The relationship between the number of groups (x-axis) and the probability of at least one false positive (y-axis). The curve begins near 0 when there are only two groups and rises steeply as the number of groups increases, illustrating how the overall false positive rate inflates as more pairwise tests are performed. — Figure 2: The probability of rejecting at least one true null hypothesis at the nominal α = 0.05 level when conducting all pairwise comparisons. With ten groups we have 45 pairwise comparisons and true experiment-wide α = 0.90.

ANOVA avoids the multiple testing problem

For p-values to be worth anything, they should correspond to the problem we set up. There are numerous ways to address the multiple testing problem (see below, and Wikipedia).

Instead of testing each combination of groups separately, ANOVA poses and tests a single null hypothesis — that all samples come from the same statistical population. This results in a well-calibrated null model (i.e. we will reject a true null with probability \(\alpha\)).

ANOVA hypotheses

\(H_0\): All samples come from the same (statistical) population. Practically, this means that all groups have the same mean.
\(H_A\): Not all samples come from the same (statistical) population. Practically this says that not all groups have the same mean.
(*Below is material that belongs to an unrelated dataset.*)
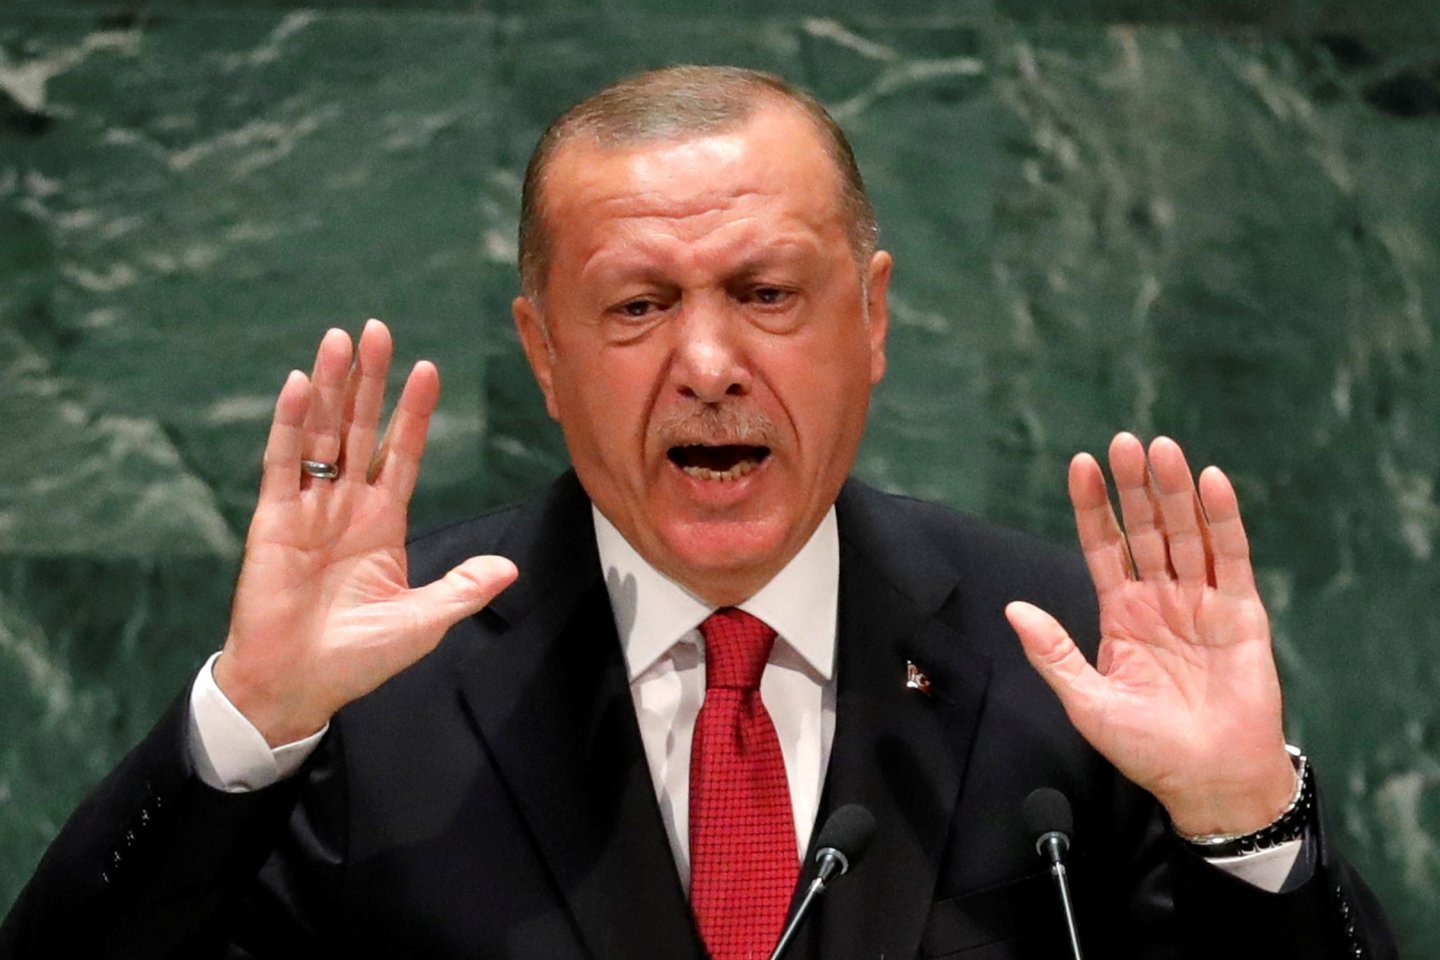   Turkijos prezidentas Recepas Tayyipas Erdoganas pirmadienį paskelbė, kad šalies kariuomenė yra pasirengusi bet kurią akimirką pradėti operacijas prieš kurdų kovotojus Sirijoje.<br> Reuters/Scanpix nuotr.

But how do we see which groups differ? Our scientific hypotheses and interpretations depend not just on the single null hypothesis – “all groups are equal”– but on knowing which groups differ from one another. Later in this chapter we will introduce “post-hoc tests”, which ask “which groups differ from one another?” Importantly, post-hoc tests should only be used after we reject the null that all groups have the same mean.

Each panel in this xkcd comic shows an announcer reporting no link between a jelly bean color and acne, with p > 0.05 — except one panel showing green jelly beans with p < 0.05 highlighted in red. The final panels show newspapers proclaiming "Green jelly beans linked to acne!" despite all other results being null. The comic satirizes how multiple comparisons can produce spurious significant. — xkcd’s classic description of the multiple testing problem (and the related communication and hype cycle). The original rollover text said: *‘So, uh, we did the green study again and got no link. It was probably a–’ ‘RESEARCH CONFLICTED ON GREEN JELLY BEAN/ACNE LINK; MORE STUDY RECOMMENDED!’* For more discussion see the associated explain xkcd.

Other ways to handle multiple comparisons

ANOVA solves the multiple-testing problem by asking one big question instead of many small ones. However, sometimes we really do need to test many hypotheses. For example, when comparing every pair of groups, analyzing many traits, or in genome-wide association studies etc. we are testing multiple hypotheses. So there are other approaches to deal with this issue.

The Bonferroni correction is the simplest correction for multiple tests. A Bonferroni correction creates a new \(\alpha\) threshold by dividing your stated \(\alpha\) by the number of tests. So, if you test five different nulls at an \(\alpha = 0.05\), the Bonferroni correction will reject a null when \(p<\frac{0.05}{5}=0.01\).

As the number of comparisons increases this correction becomes overly conservative, so people turn to other methods.

The False Discovery Rate (FDR) Rather than considering any false positive, FDR-based corrections consider the expected proportion of false positives among the results we call significant. So, an FDR-based correction ensures that, on average, about 5% of the results we call ‘significant’ are actually false positives.